_PROVIDED DATA_.
********
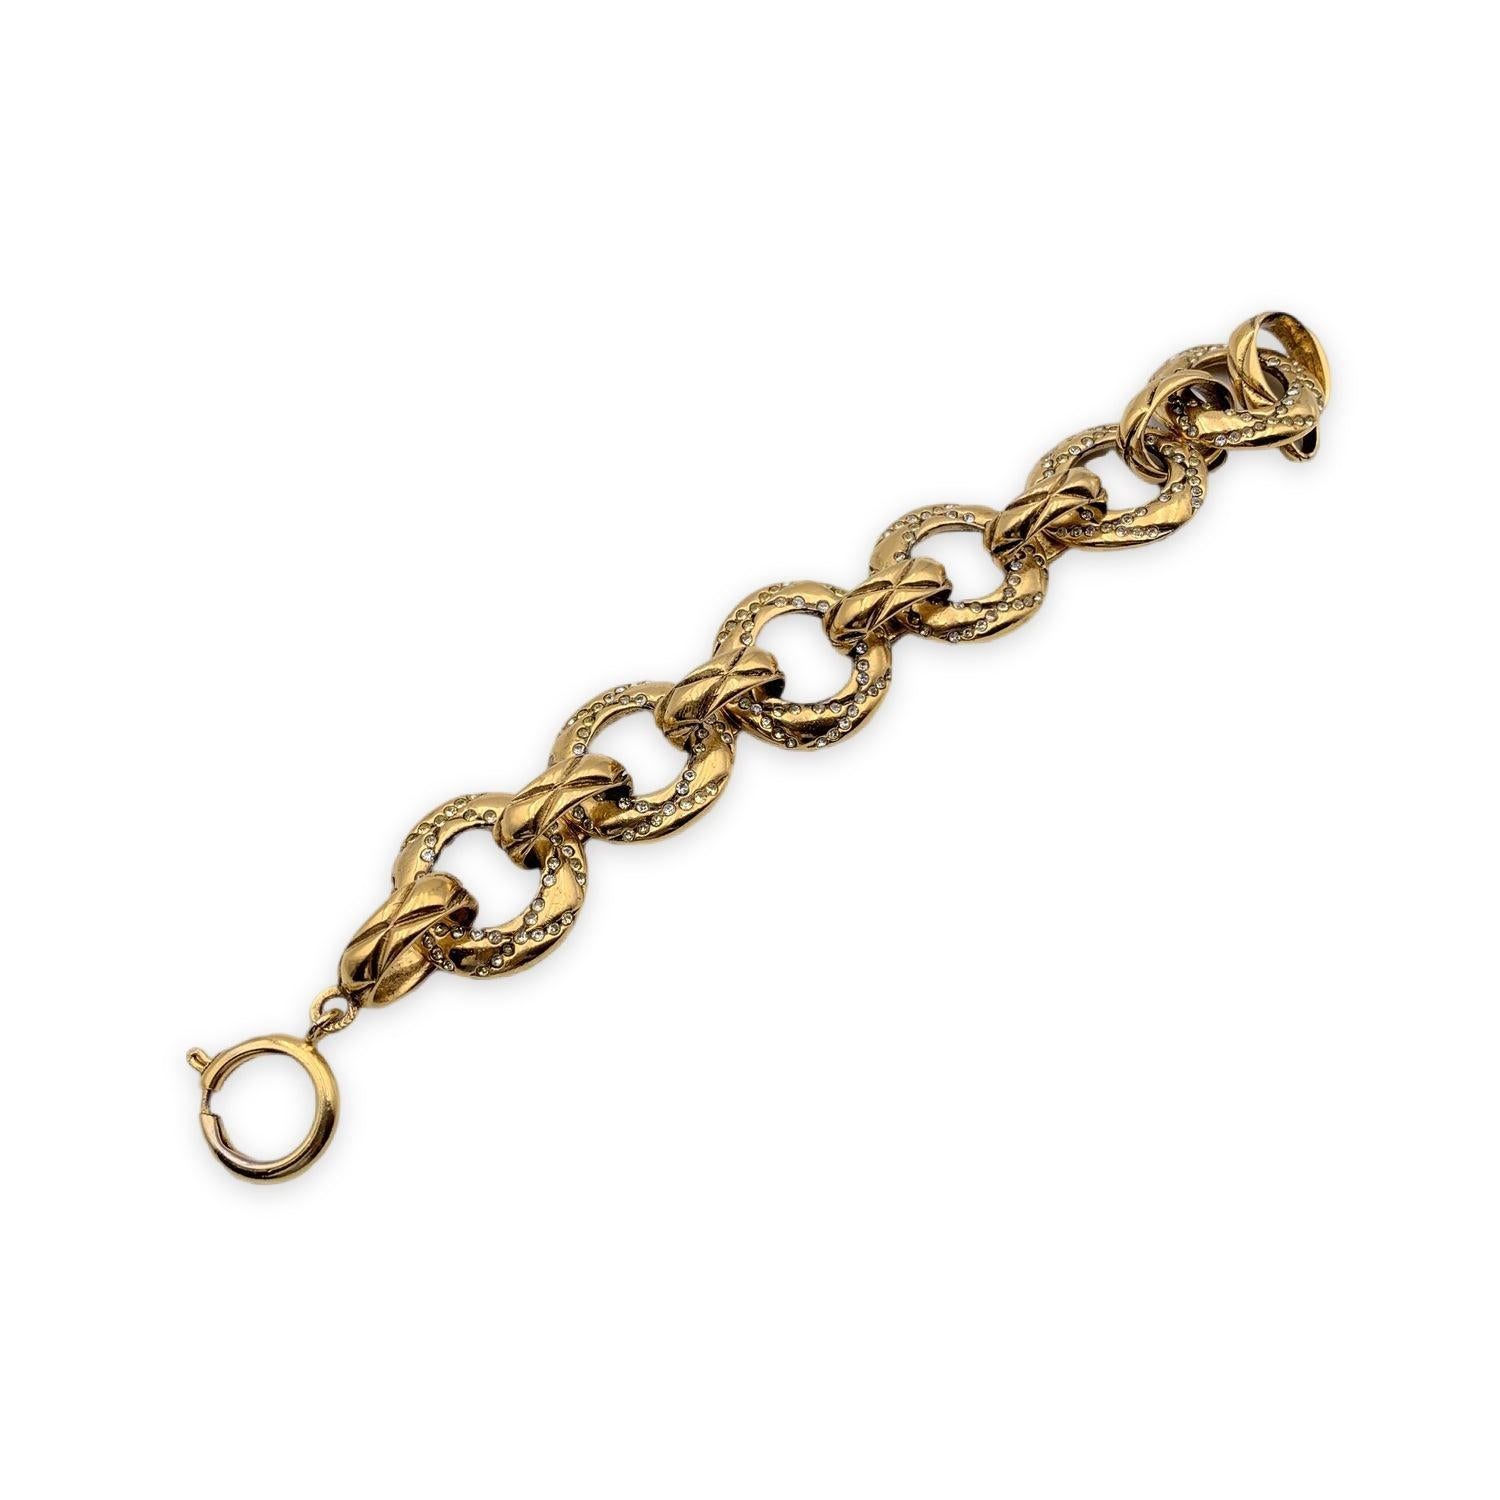 Beautiful bracelet by CHANEL. Round Chain link with quilted pattern. Crystals embellishment. Spring ring closure. 'CHANEL 2 CC 3 Made in France' oval hallmark at the end of the bracelet. Total length:7.5 inches - 19 cm Condition A - EXCELLENT Gently
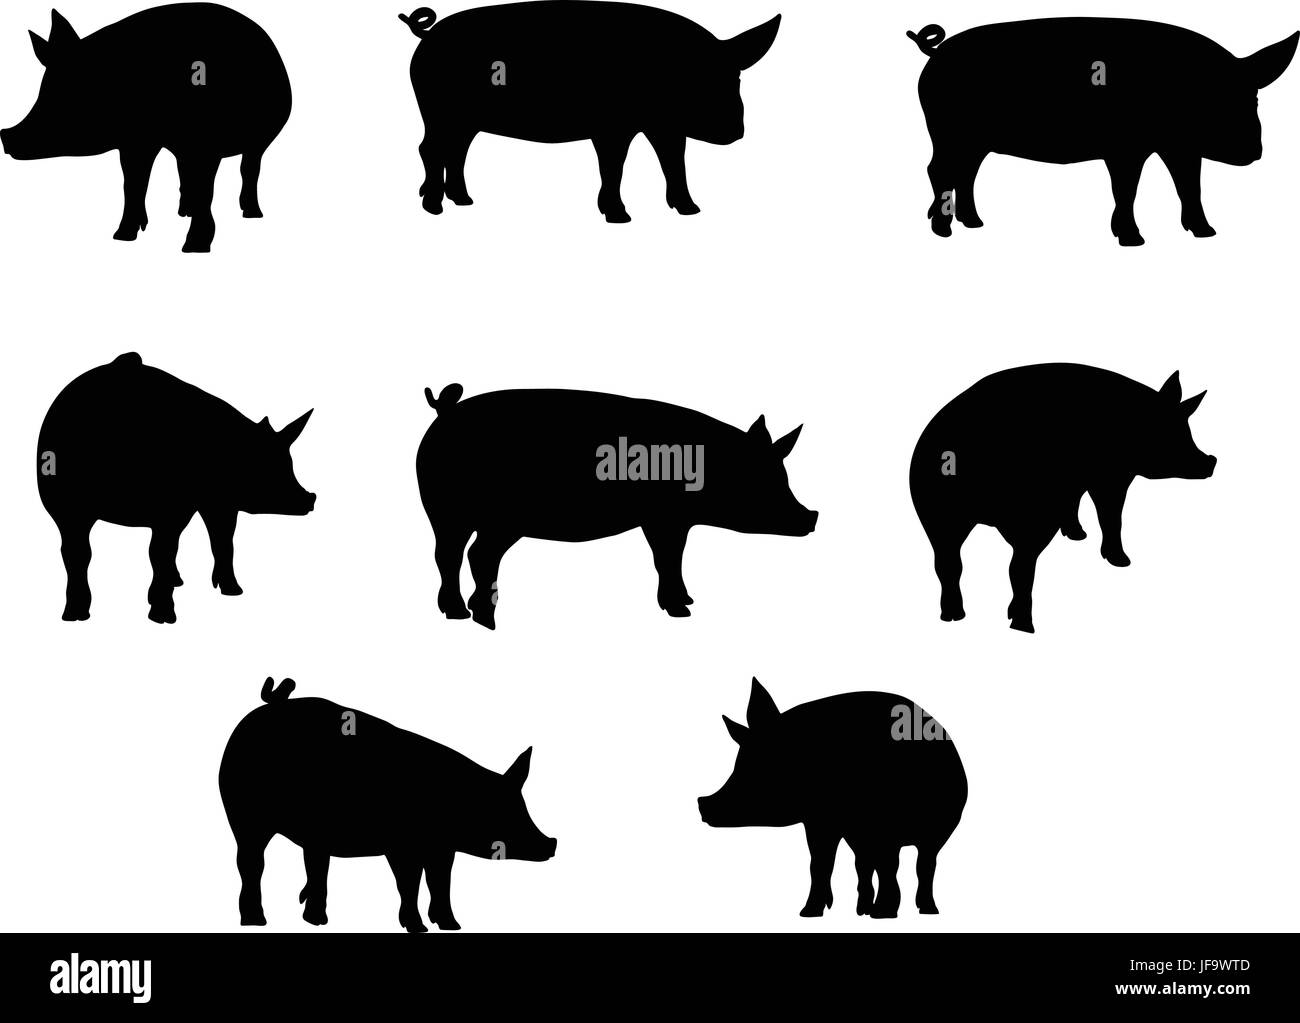 pig silhouette Stock Vector
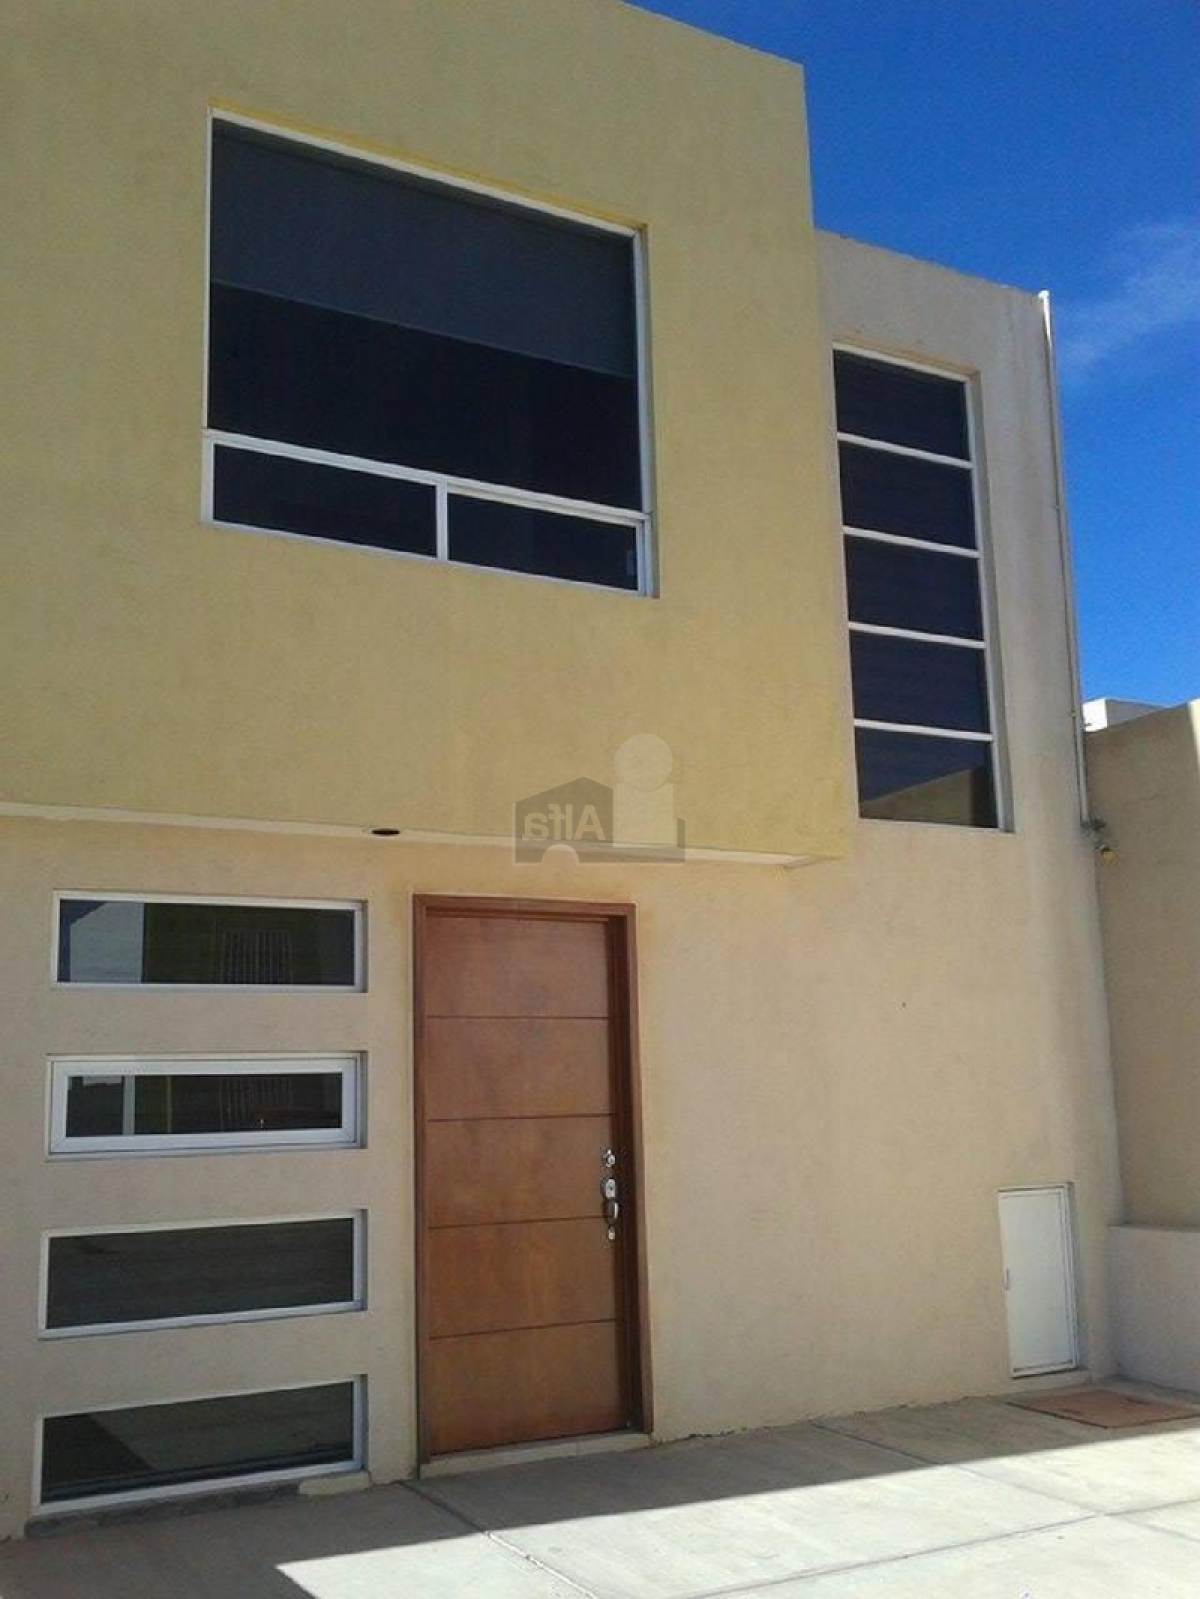 Picture of Home For Sale in Zacatecas, Zacatecas, Mexico
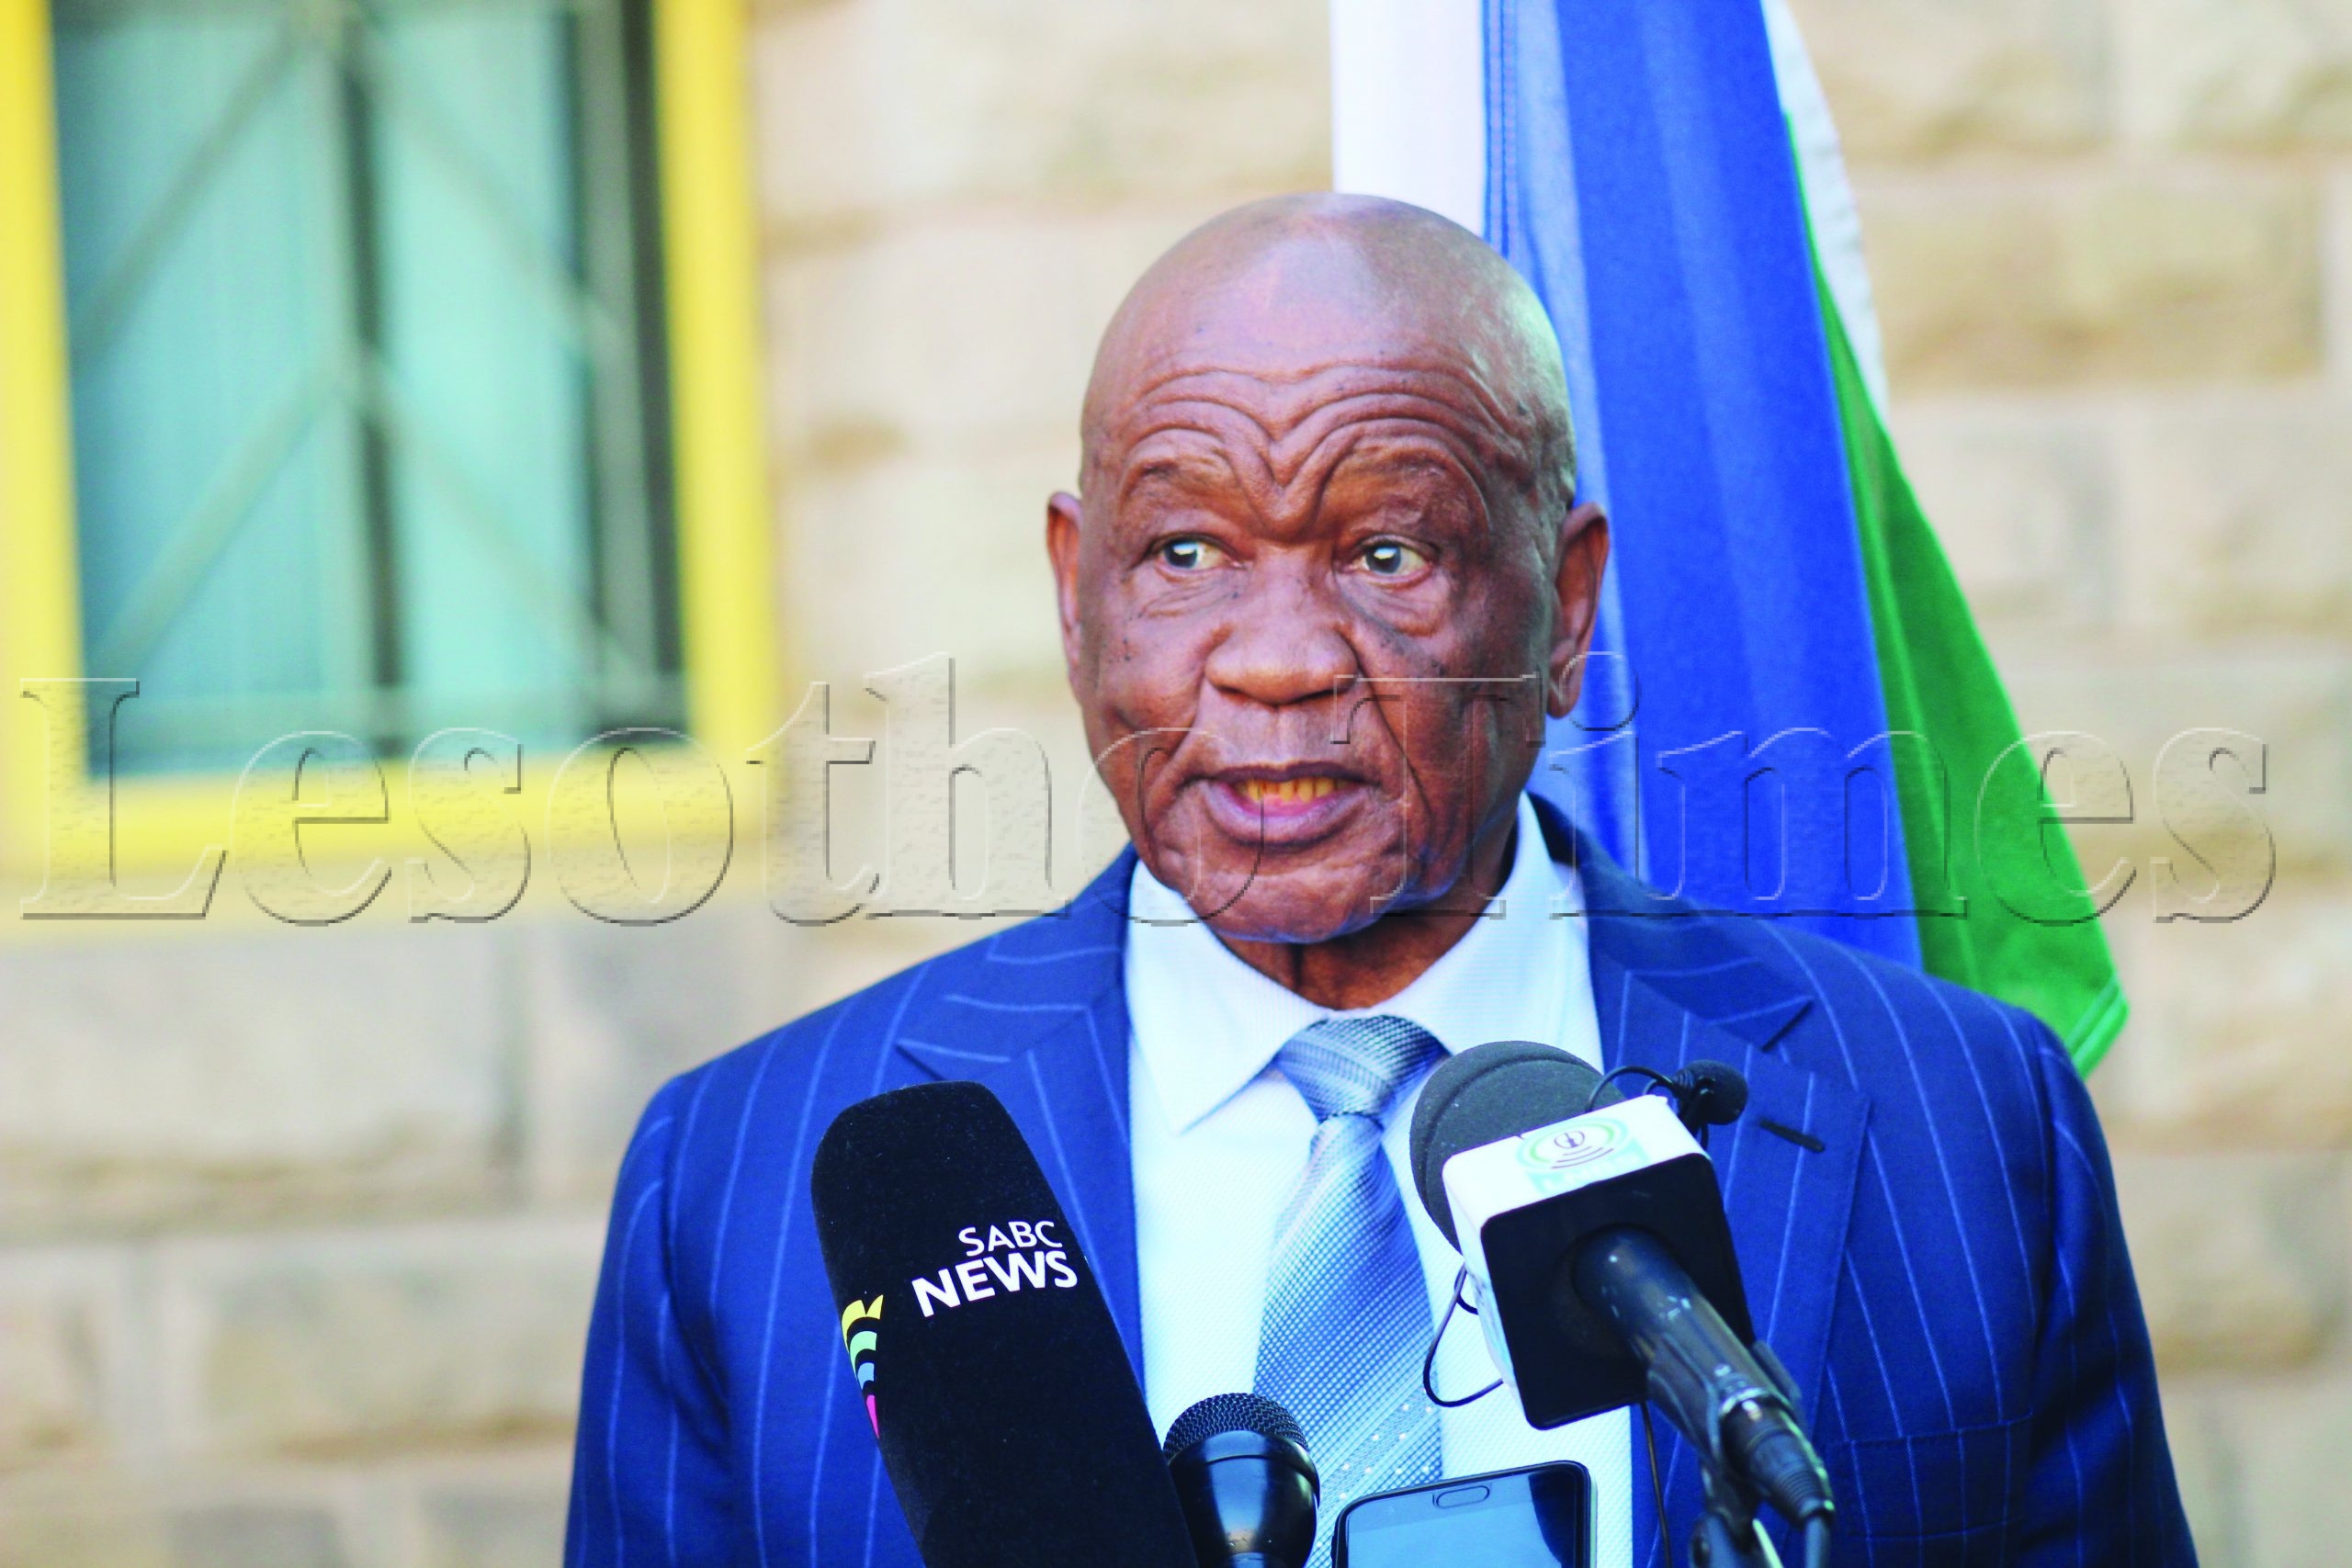 Six Abc Ministers Endorsed Pact To Oust Thabane Lesotho Times
********
_EXERCISE OBJECTIVE_.
The listing is to be repeated exactly, with its pictures removed.

_ANSWER BELOW_.
 Beautiful bracelet by CHANEL. Round Chain link with quilted pattern. Crystals embellishment. Spring ring closure. 'CHANEL 2 CC 3 Made in France' oval hallmark at the end of the bracelet. Total length:7.5 inches - 19 cm Condition A - EXCELLENT Gently
 pig silhouette Stock Vector
 Picture of Home For Sale in Zacatecas, Zacatecas, Mexico
 Six Abc Ministers Endorsed Pact To Oust Thabane Lesotho Times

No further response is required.